Of course I'm not saying that anyone isn't perfectly entitled to wager on the success (or failure) of any product, including a new currency. Speculators and short sellers alike are a perfectly legitimate and necessary part of a dynamic and free market. The confusion, and the misguidance to which it may give rise, is that treating Bitcoin as an investment opportunity - akin to gold, for instance - fails to take account that, unlike gold, it is designed specifically as an alternate currency. Its ultimate fate lies in its capacity to serve consumer needs in that regard.

Like any other product designed to serve a specific purpose, its features and benefits will only be revealed as tested in time. The recent volatility has been a function of financial, rather than monetary, considerations. I can only see two long term prospects.

In the future, Bitcoin may manage (and there are many hurdles to overcome) to catch on with the monetary consuming public, bringing it expansive global usage - whether sanctioned by nation-states or not. On the other hand, the digital currency could be judged by those consumers (of currency) to offer insufficient benefits over so-called sovereign currencies. In that case, I expect it will pretty much collapse into disuse, despite the best efforts of the enthusiasts.

If the former happens, the holdings of the currency will be so extensive (and exempt from the inflationary pressures of fiat currencies) that financial hiccups will cease to cause the kinds of fluctuations recently observed. If that is the result, Bitcoin ETF will indeed become the kind of secure, indexed funds which were the original inspiration behind ETF in general.

On the other hand, should we see the collapse of the currency, the truth is that it is those who bought into the currency, not for the virtues of its monetary features, but to gather its hoped for financial windfalls, that will be most hurt in the process. The big losers would be the speculators. And speculation offers the prospect of big rewards, because it presents the danger of high risk.

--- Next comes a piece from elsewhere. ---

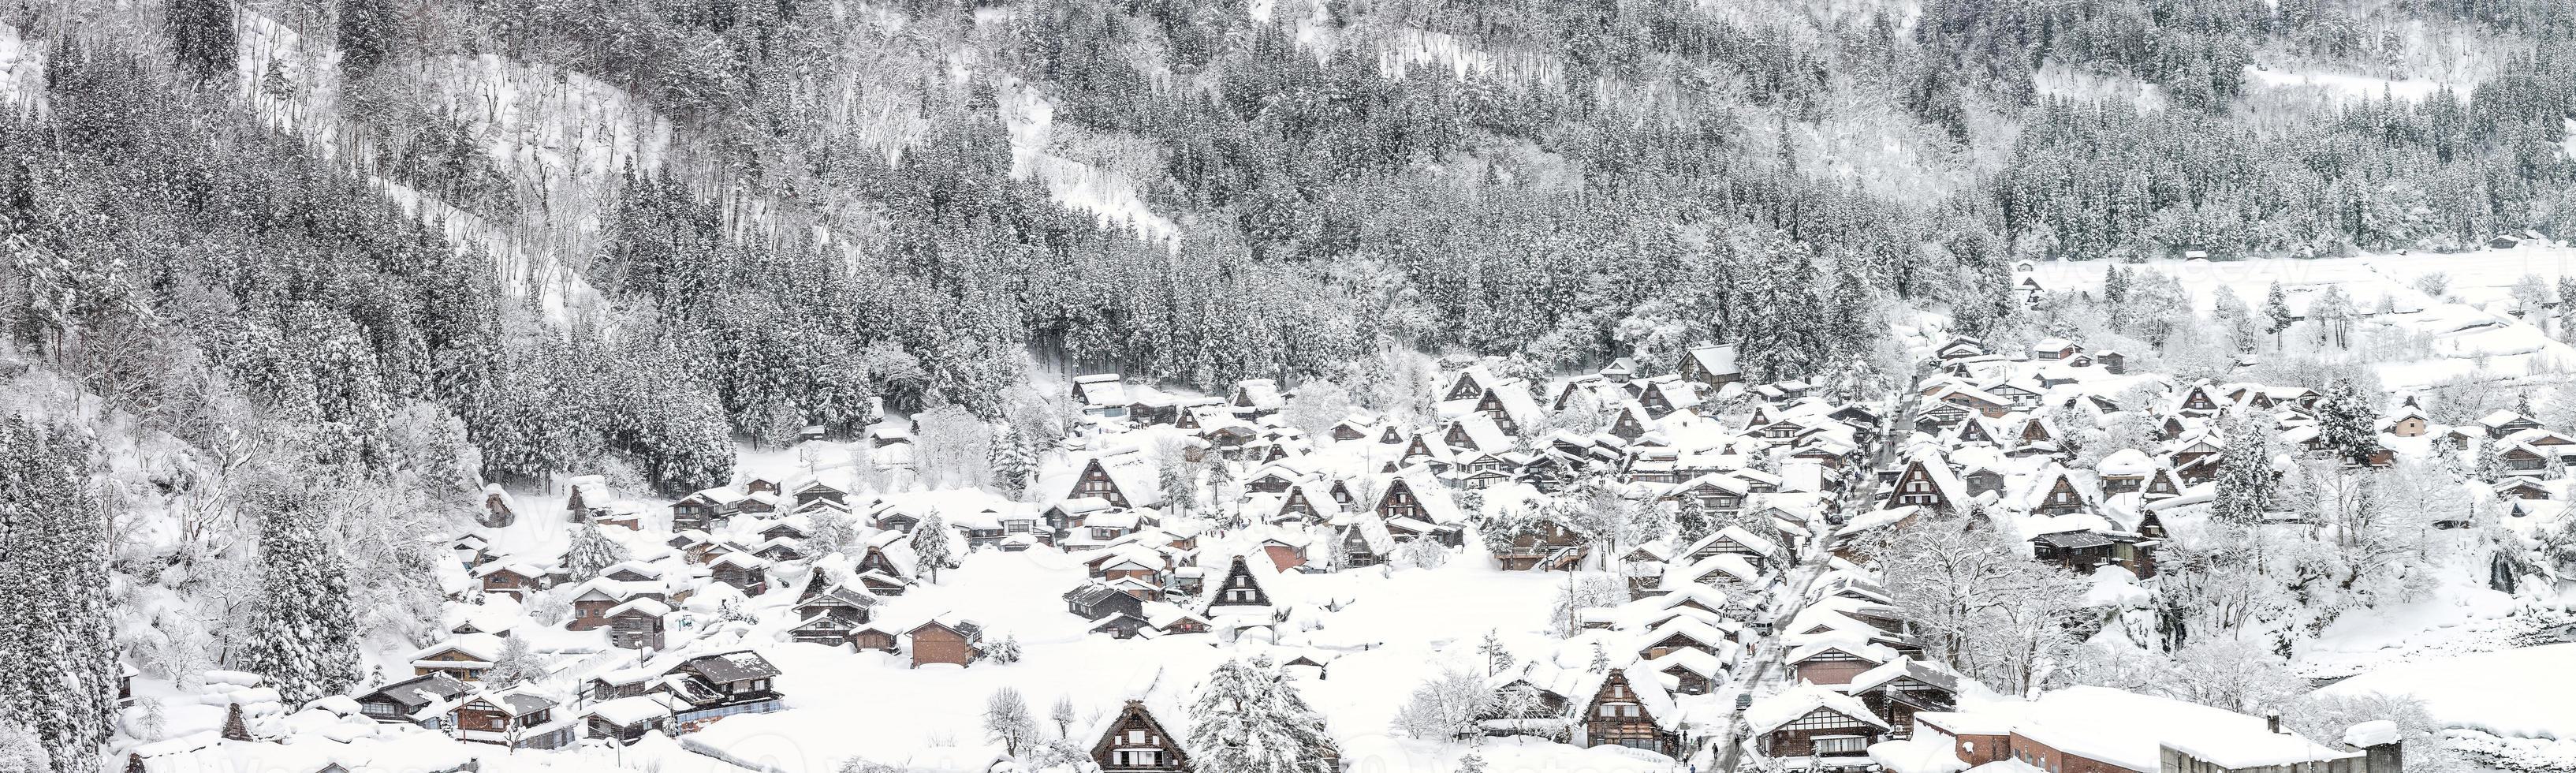 shirakawago d'hiver photo

In no way are these observations meant to stigmatize anyone who, persuaded of the viability of Bitcoin, chooses to invest in an ETF. Why shouldn't such people profit from their knowledge of and conviction in a great product. All financial investments, though, are risky. And anyone who is simply hoping to catch a financial wave needs to know that surfing does often enough lead to dumps in the drink.

Bitcoin ETF are an intriguing development and personally I'll be keeping a close eye on how that financial market evolves. Regardless of their fortunes, though, ETF in the end will really reveal very little about the prospects of Bitcoin as a currency. Many people will make and lose lots of money along the way, but the story of Bitcoin will be told, not in the financial markets, but in the consumer markets.